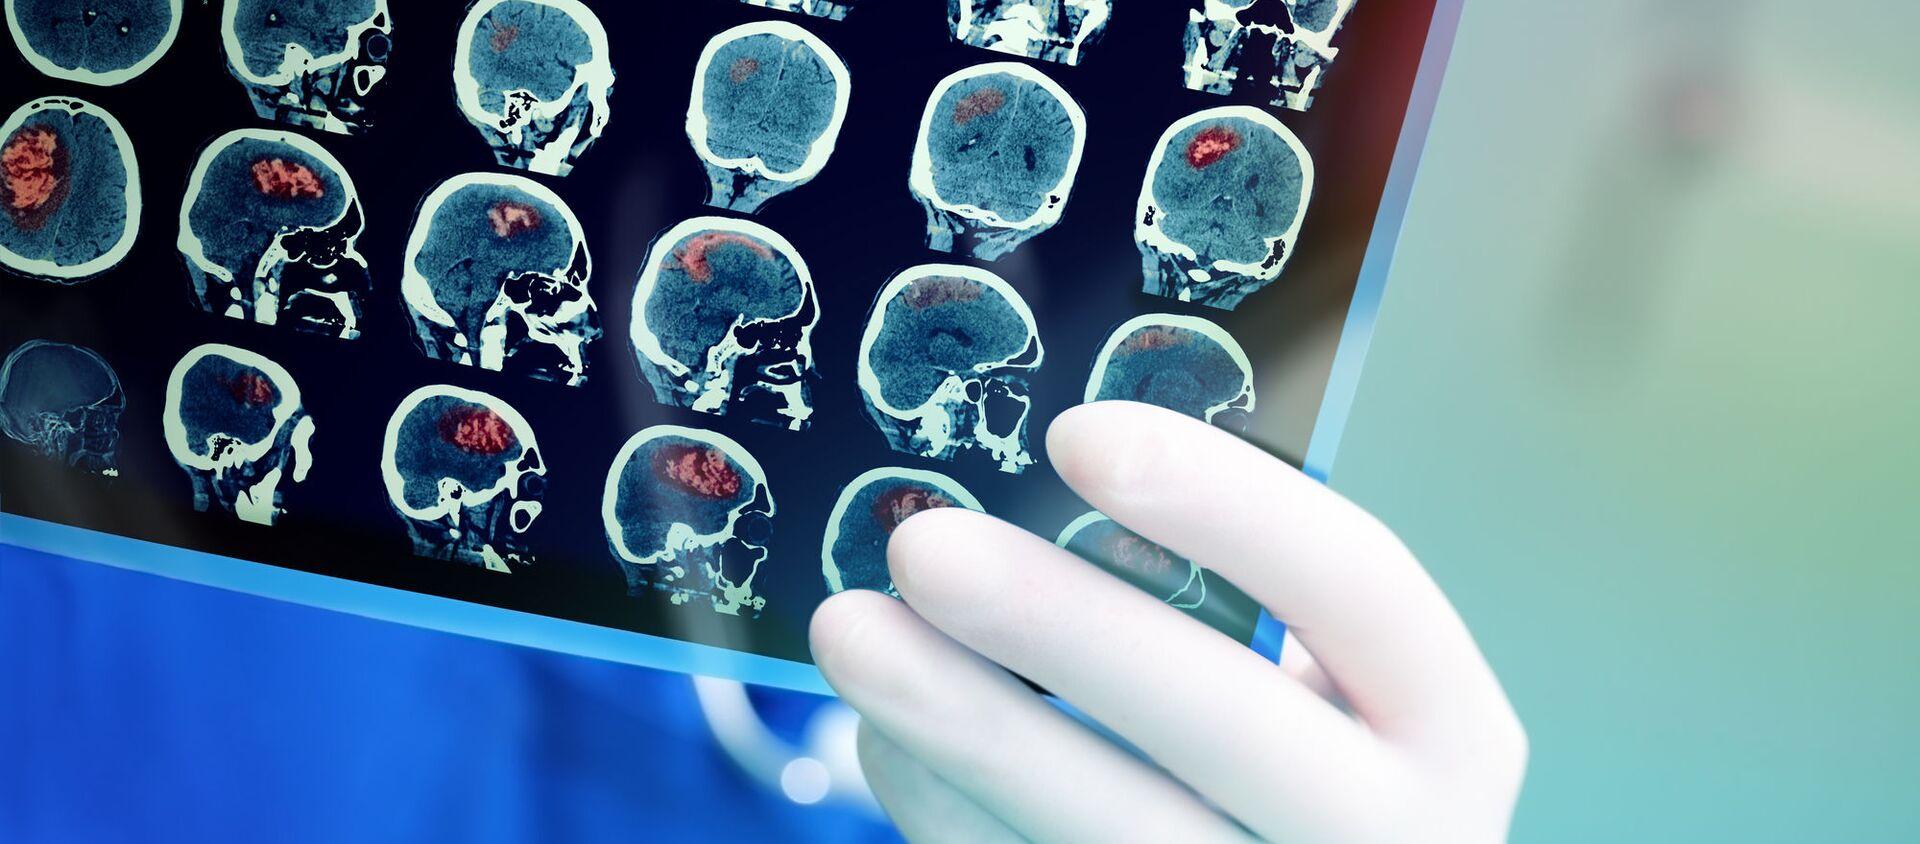 脳のMRI - Sputnik 日本, 1920, 07.06.2021
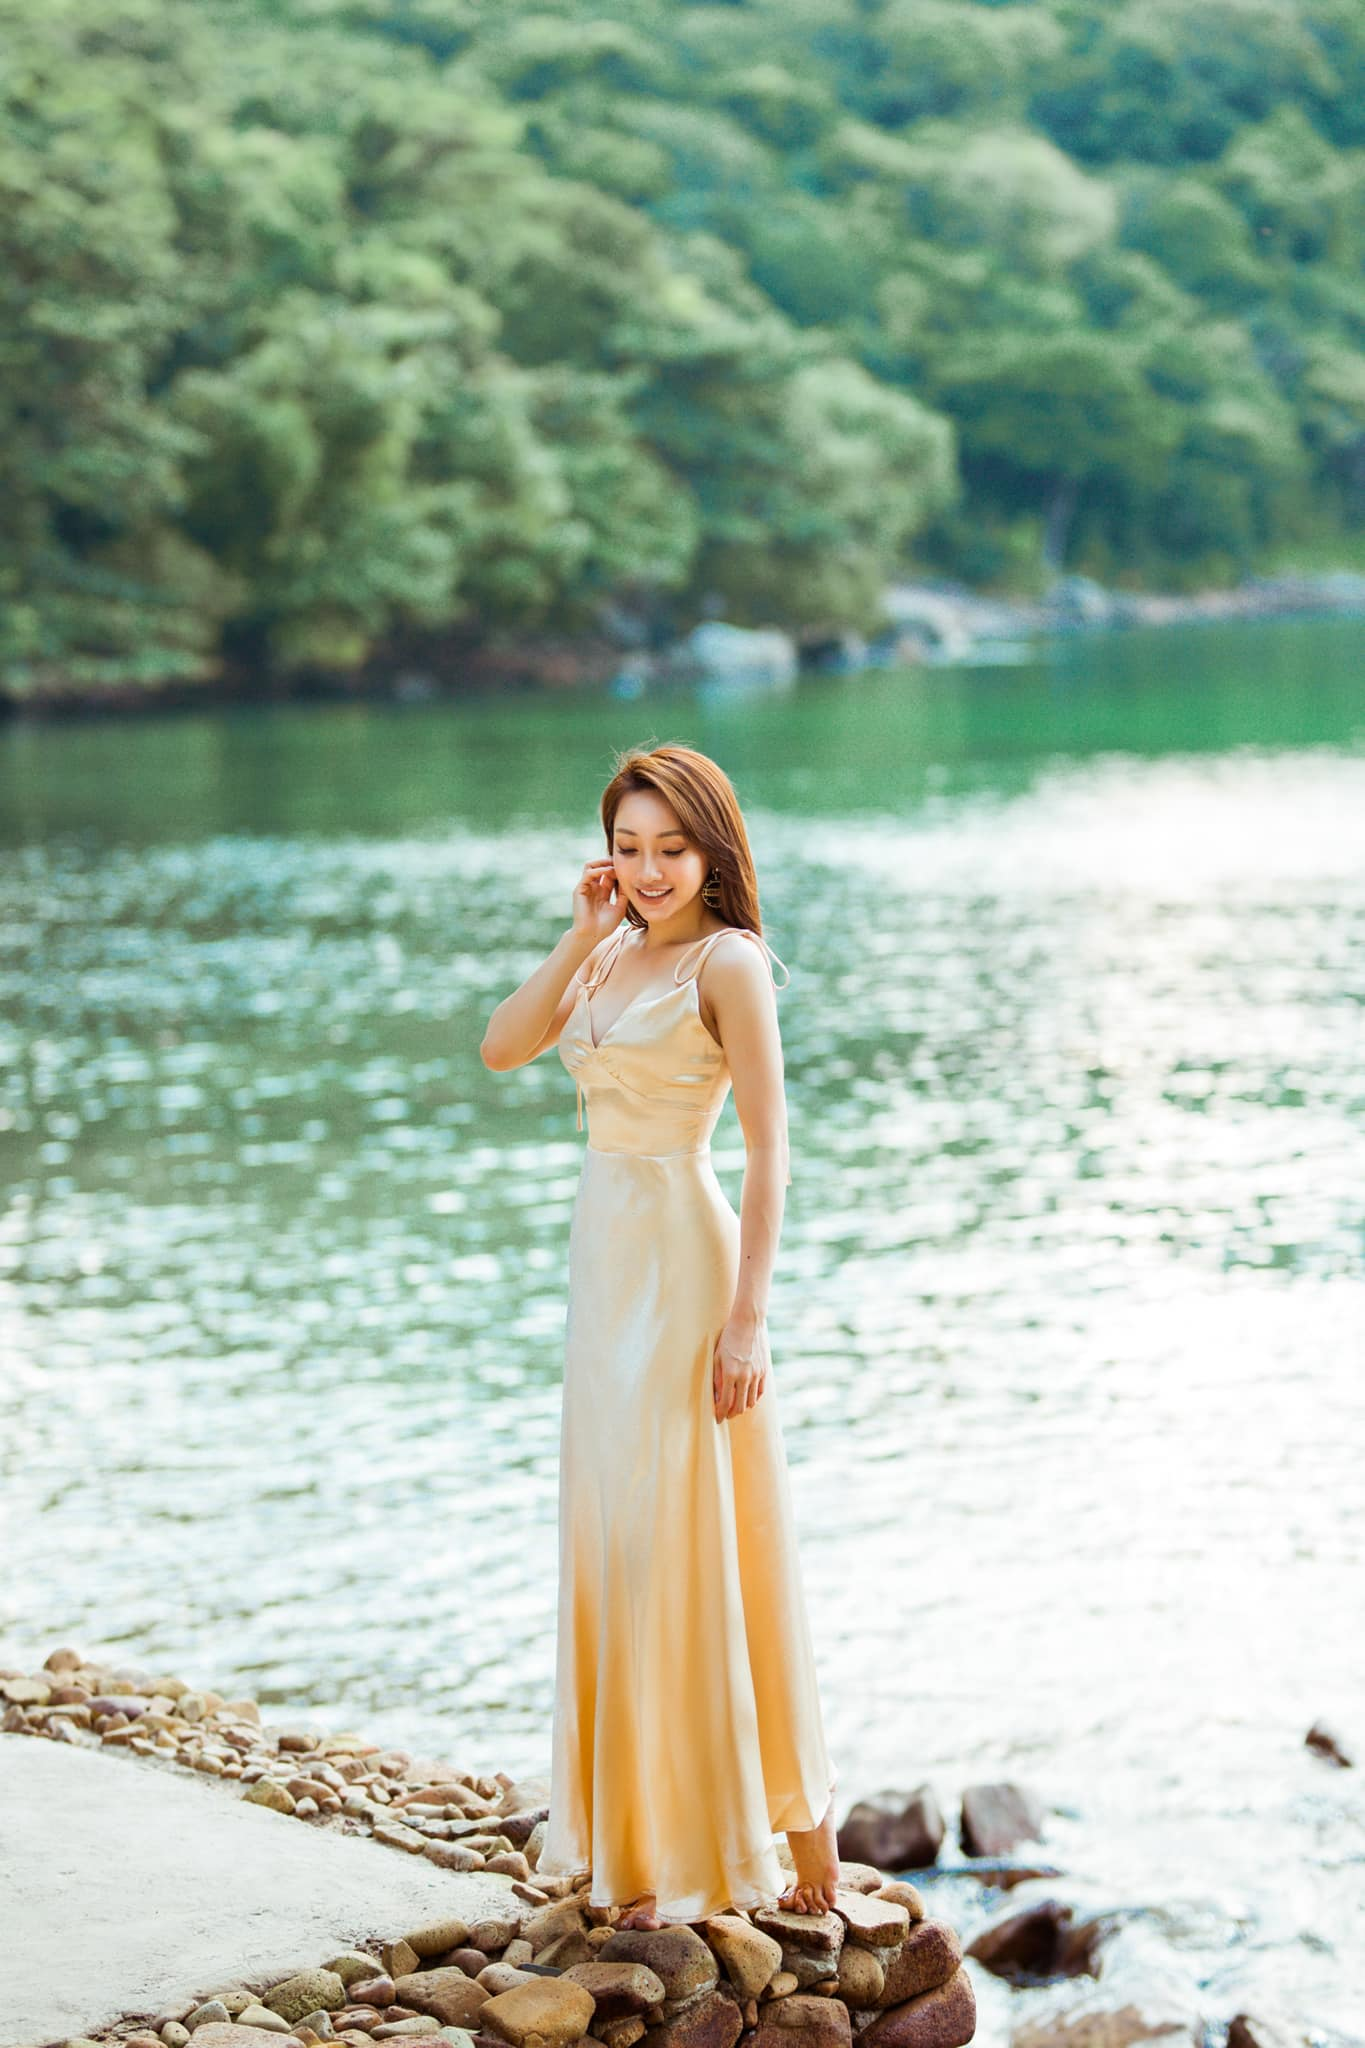 Bạn gái CEO kém 16 tuổi của Chi Bảo đẹp gợi cảm, tâm đầu ý hợp - hình ảnh 7
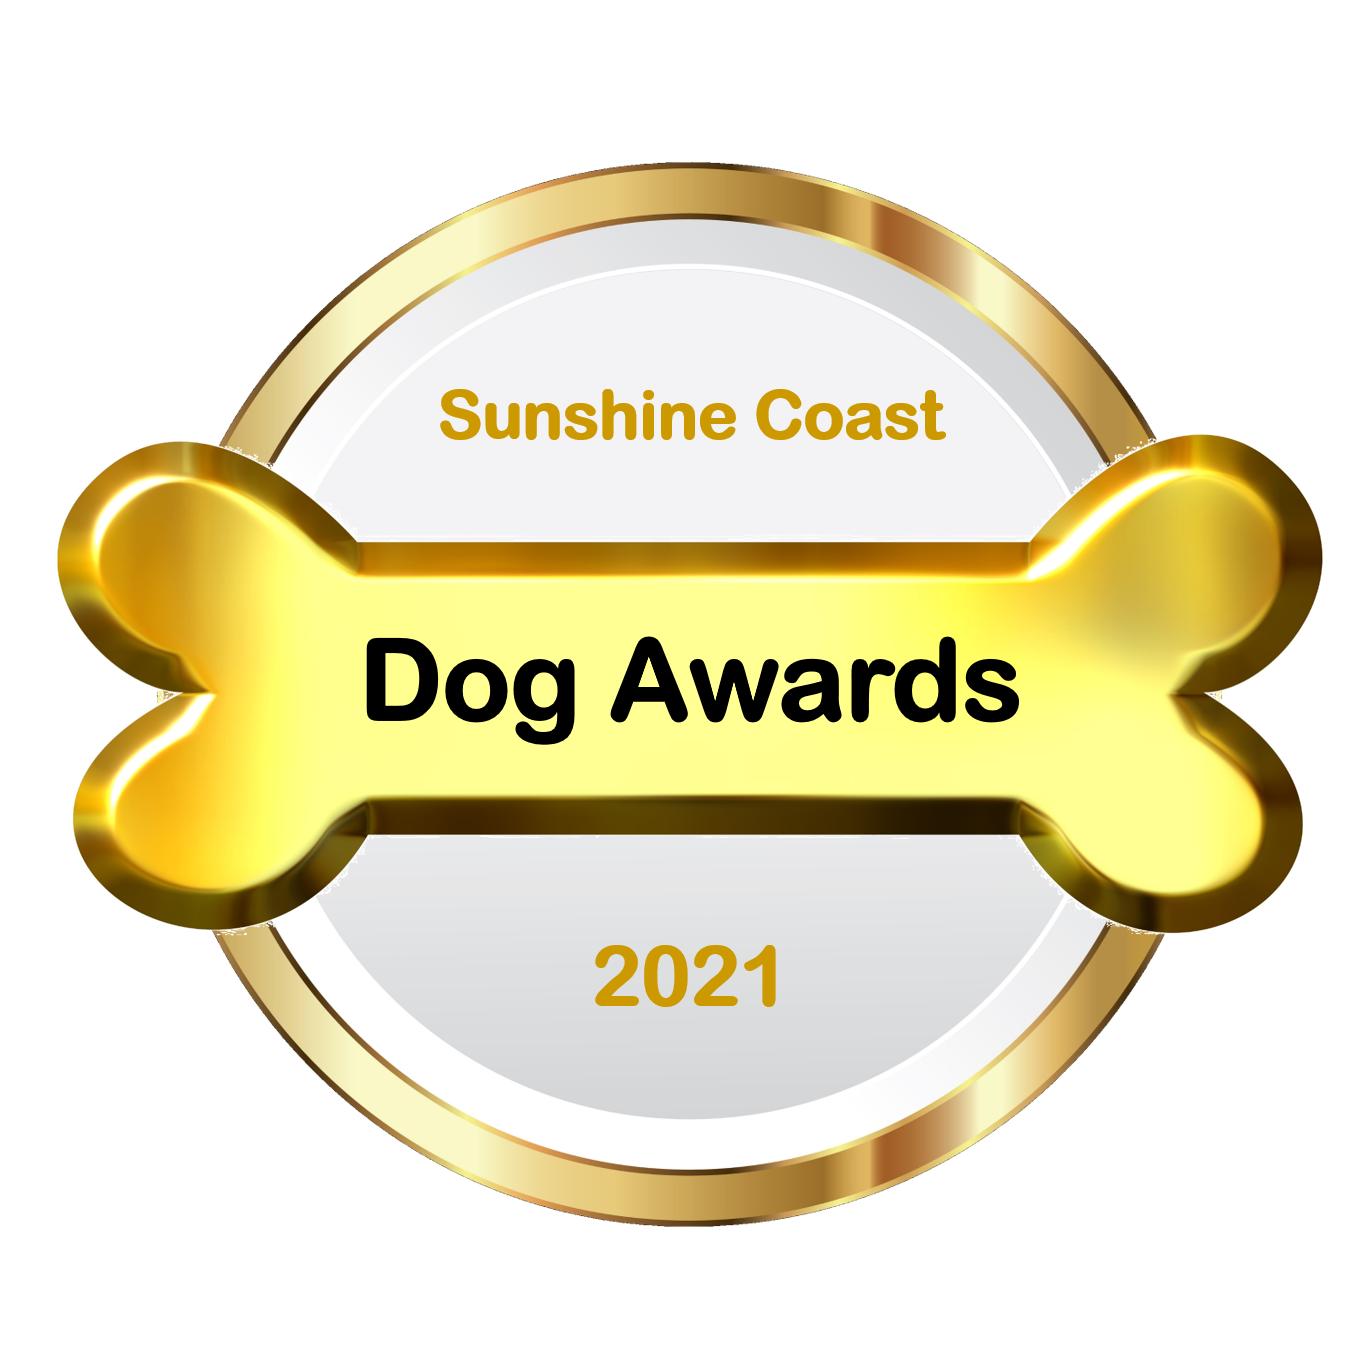 Sunshine Coast Dog Awards 2021 - Enter Your Dog In The 2021 Sunshine Coast Dog Awards

**Requirement:** Without copying any picture, write out all of the material exactly as it reads.

**Result of this exercise:**
 脳のMRI - Sputnik 日本, 1920, 07.06.2021
 Bạn gái CEO kém 16 tuổi của Chi Bảo đẹp gợi cảm, tâm đầu ý hợp - hình ảnh 7
 Sunshine Coast Dog Awards 2021 - Enter Your Dog In The 2021 Sunshine Coast Dog Awards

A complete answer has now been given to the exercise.